→ ASSIGNMENT:
From the first line of the data below through the line holding "ЕС е съюз на", output each line exactly and leave the pictures out.

→ DATA FOR THIS TASK:
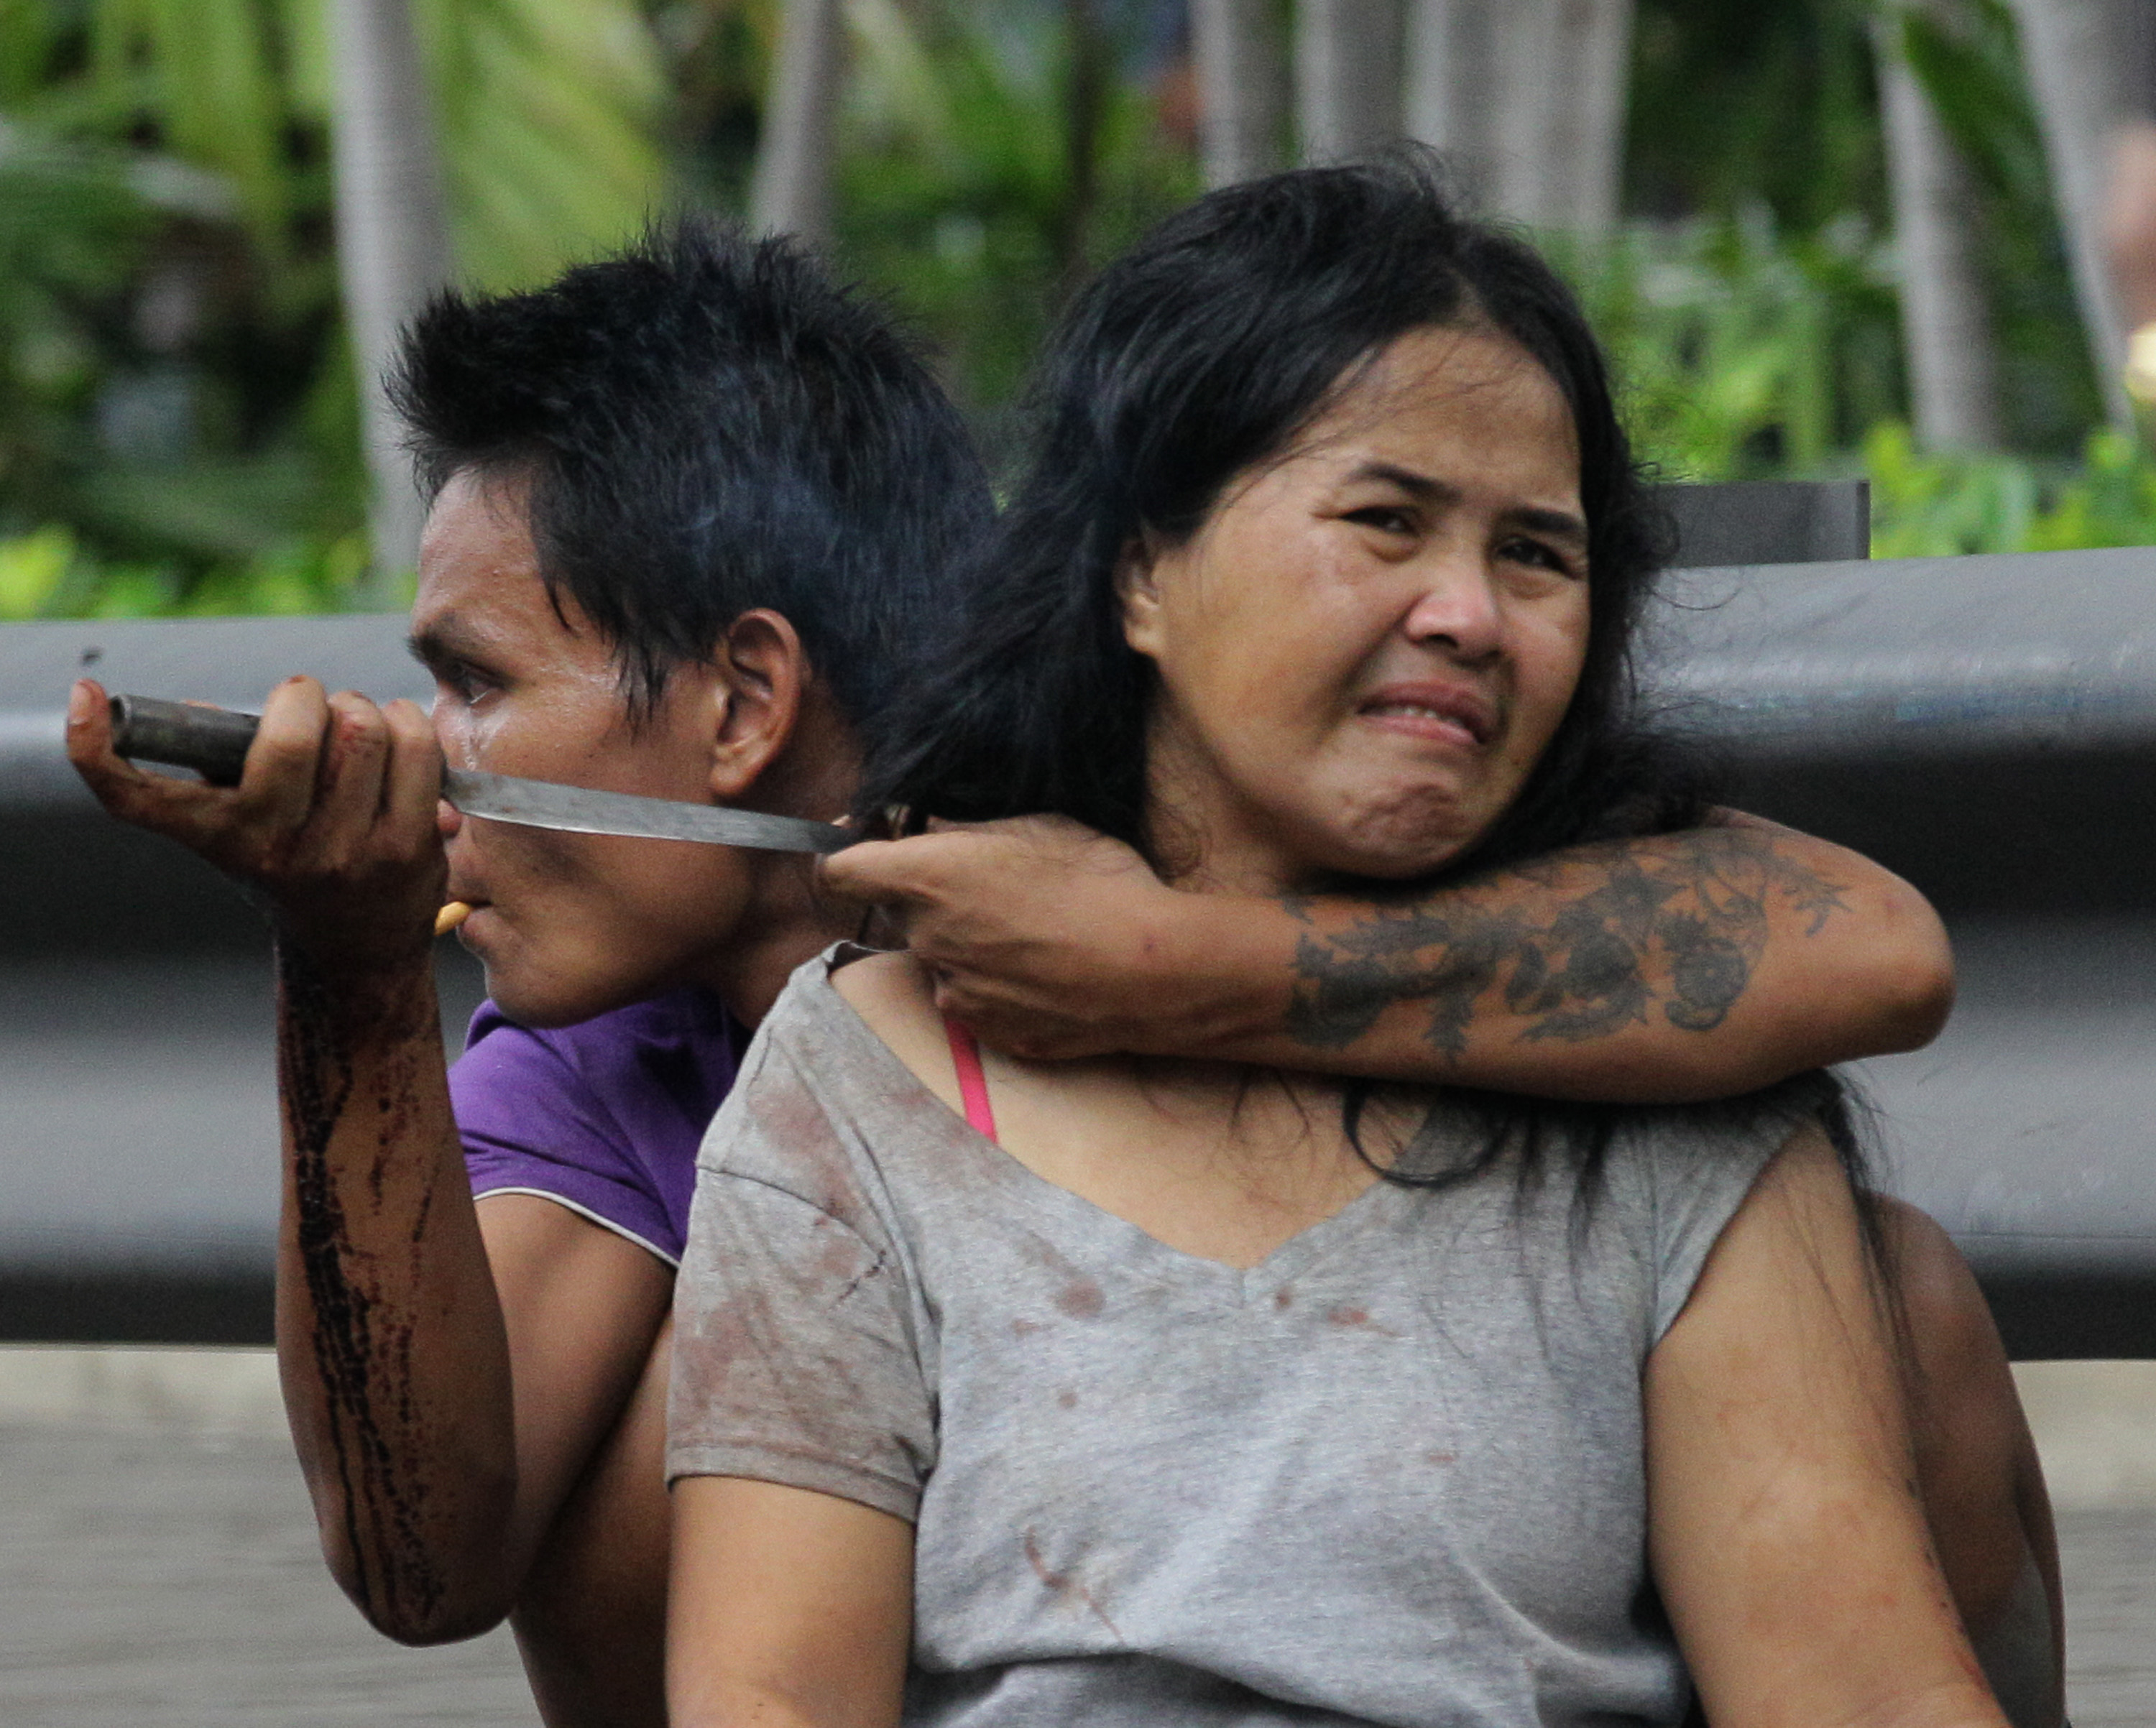 30-årige Sakdawut Hamsiri, 
håller en kniv mot halsen på hans hustru Thawee Naiyanit 
på en gata i Bangkok.
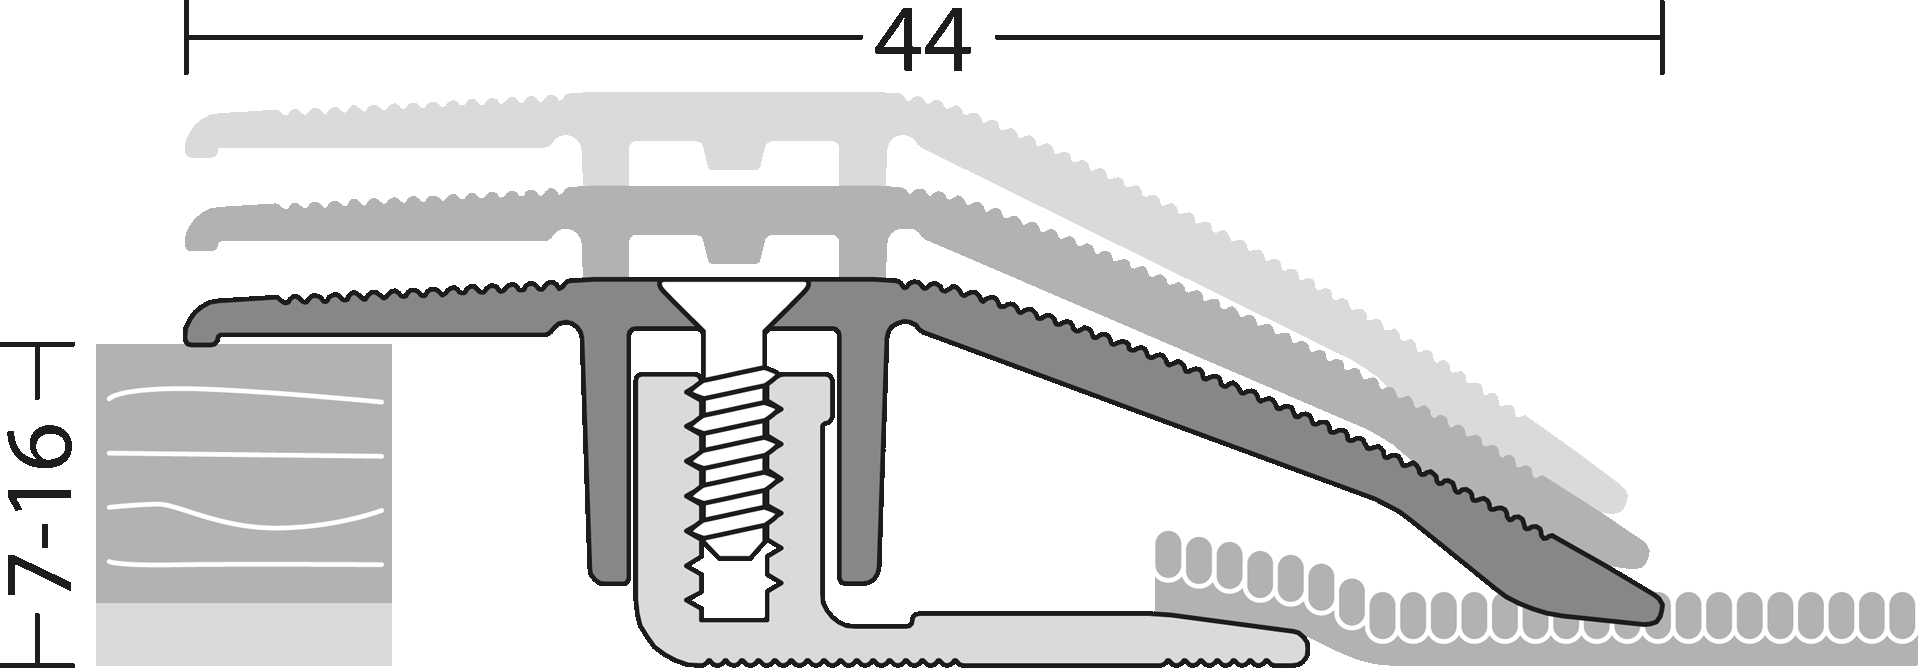 Anpassungsprofil Parkett & Laminatböden Detail
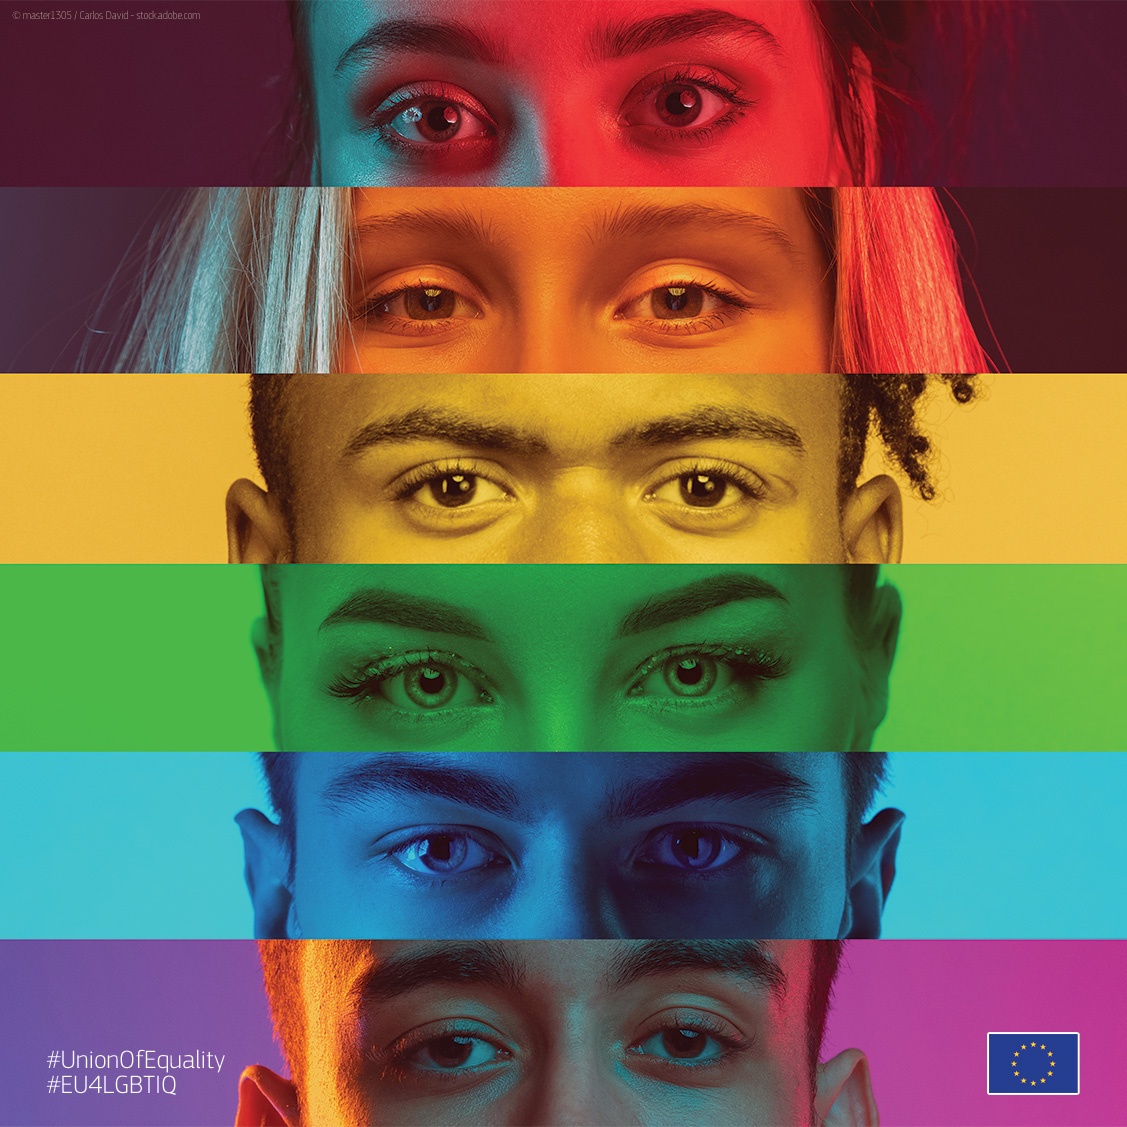 ЕС е съюз на равенството, където всеки има правото да се чувства сигурен и свободен да бъде себе си. #IDAHOT е повод да напомним, че омразата, насилието, предразсъдъците и ограниченията на основата на сексуална ориентация и полова идентичност нямат място в нашето общество.
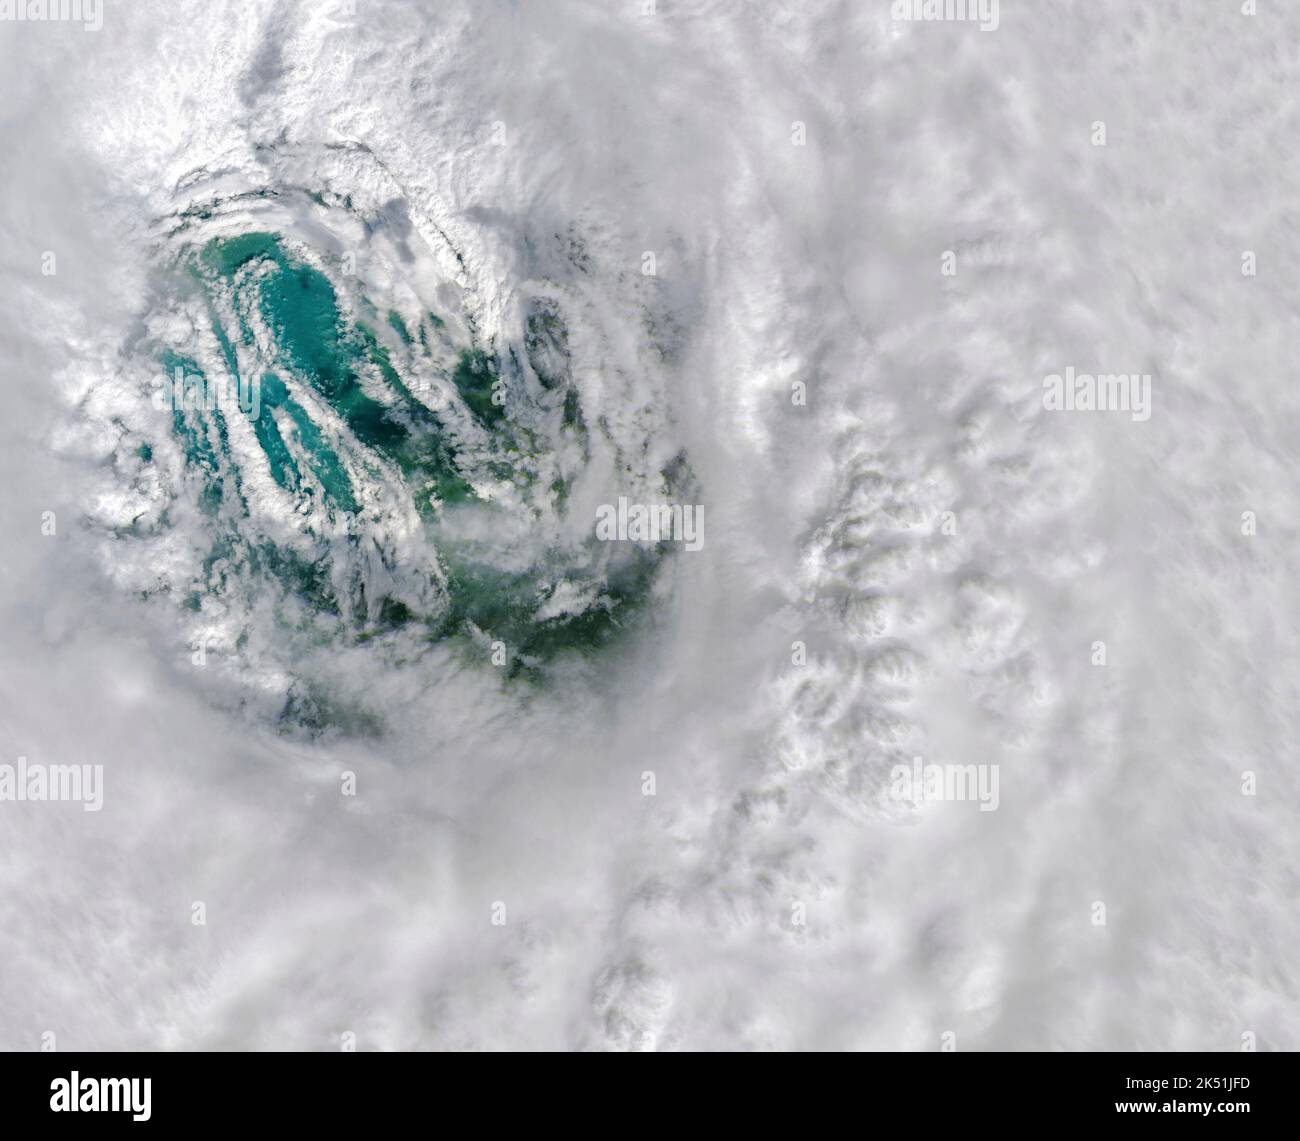 L'Operational Land Imager a bordo del satellite Landsat 8 catturò questa immagine a colori naturali dell'uragano Ians Eye il 28 settembre 2022 alle 11:57:00 EDT (15:57:00 UTC), tre ore prima che la tempesta si schiantò nella costa di Caya Costa, Florida. Quando la palpebra di Ians ha fatto la caduta, i suoi venti sostenuti massimi erano 150 miglia (240 chilometri) all'ora, secondo il Centro Nazionale per l'uragano. Questo è l'equivalente di una tempesta di categoria 4 sulla scala del vento Saffir-Simpson e abbastanza veloce da strappare i tetti fuori casa e schiocco di linee elettriche. L'occhio di un uragano è una zona circolare di tempo giusto al th Foto Stock

→ ANSWER TO THIS PROBLEM:
 30-årige Sakdawut Hamsiri, 
håller en kniv mot halsen på hans hustru Thawee Naiyanit 
på en gata i Bangkok.
 Anpassungsprofil Parkett & Laminatböden Detail
 ЕС е съюз на равенството, където всеки има правото да се чувства сигурен и свободен да бъде себе си. #IDAHOT е повод да напомним, че омразата, насилието, предразсъдъците и ограниченията на основата на сексуална ориентация и полова идентичност нямат място в нашето общество.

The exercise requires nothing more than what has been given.